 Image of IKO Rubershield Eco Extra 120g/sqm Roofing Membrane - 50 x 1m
──────────
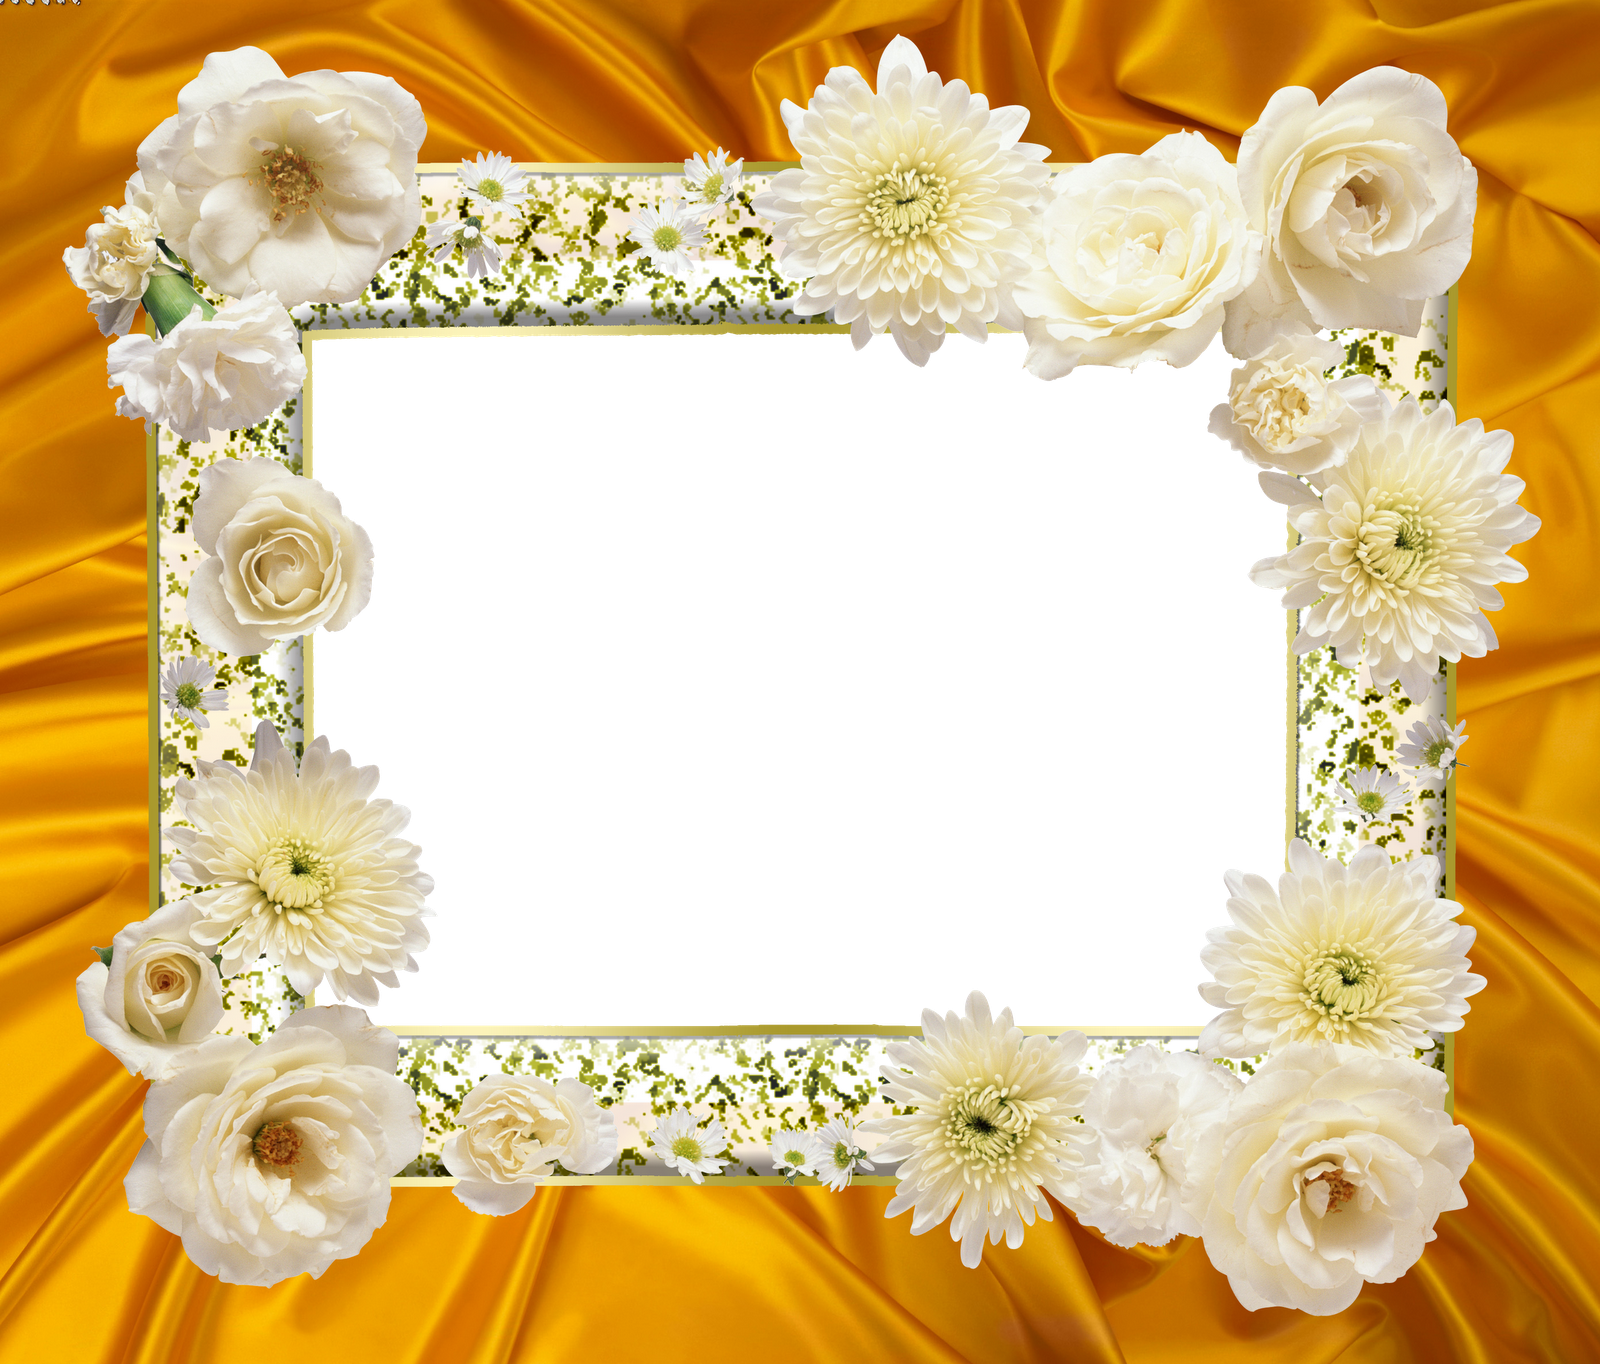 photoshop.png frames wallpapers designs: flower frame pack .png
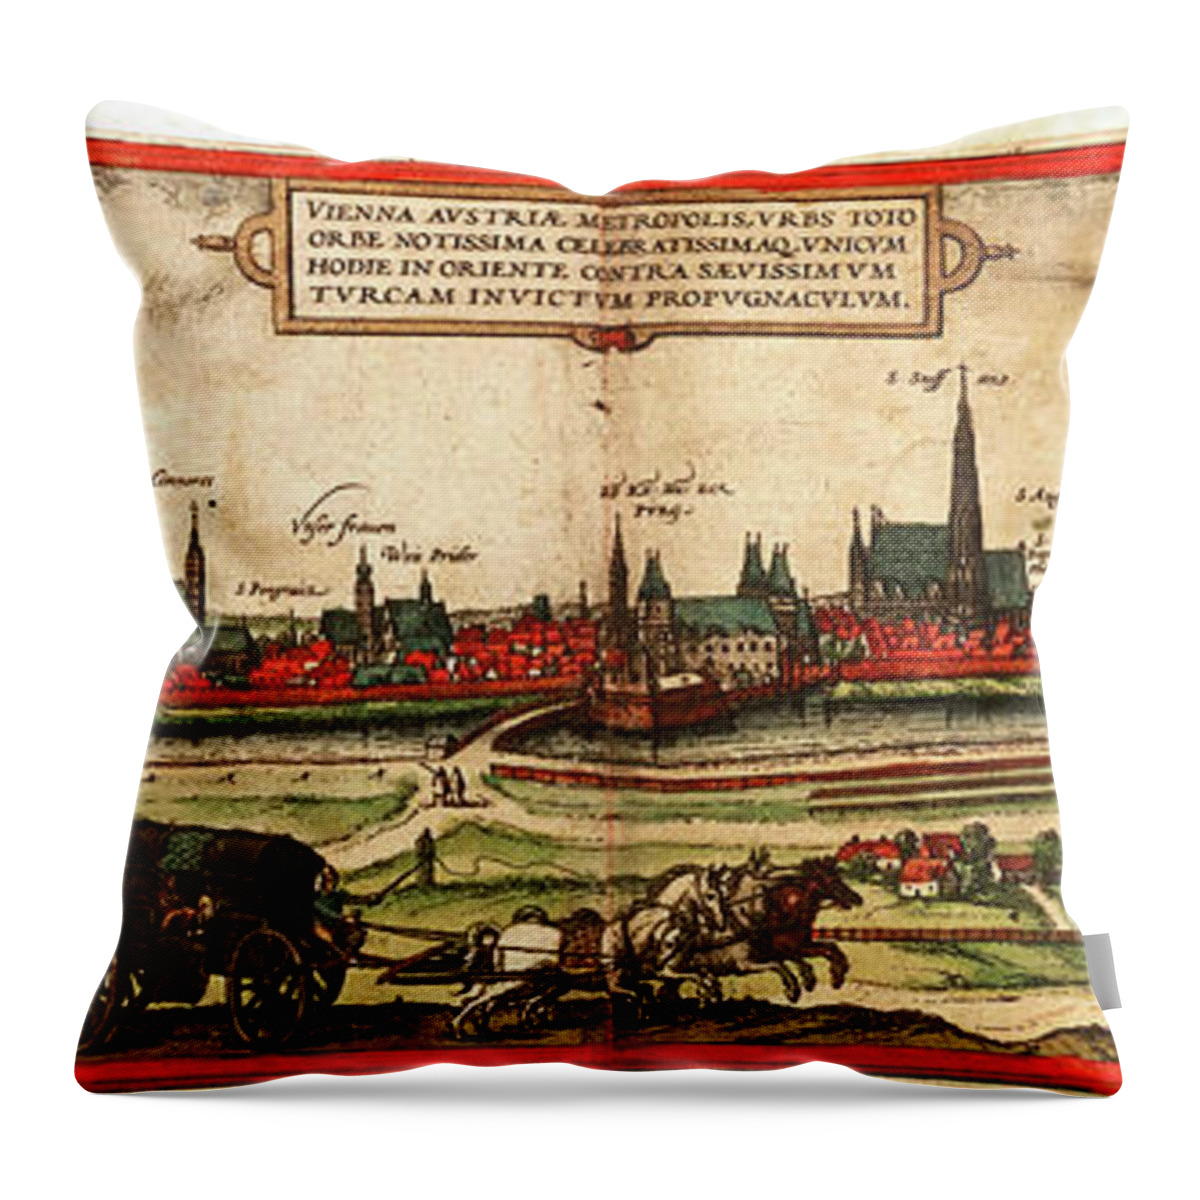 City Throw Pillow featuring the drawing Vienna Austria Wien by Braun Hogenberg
──────────
*Problem:* Although the records above contain pictures, the copy must not; set down exactly the lines from the one with "photoshop.png frames wallpapers" up to and including the one with "City Throw Pillow".

*Result of the exercise:*
 photoshop.png frames wallpapers designs: flower frame pack .png
 City Throw Pillow featuring the drawing Vienna Austria Wien by Braun Hogenberg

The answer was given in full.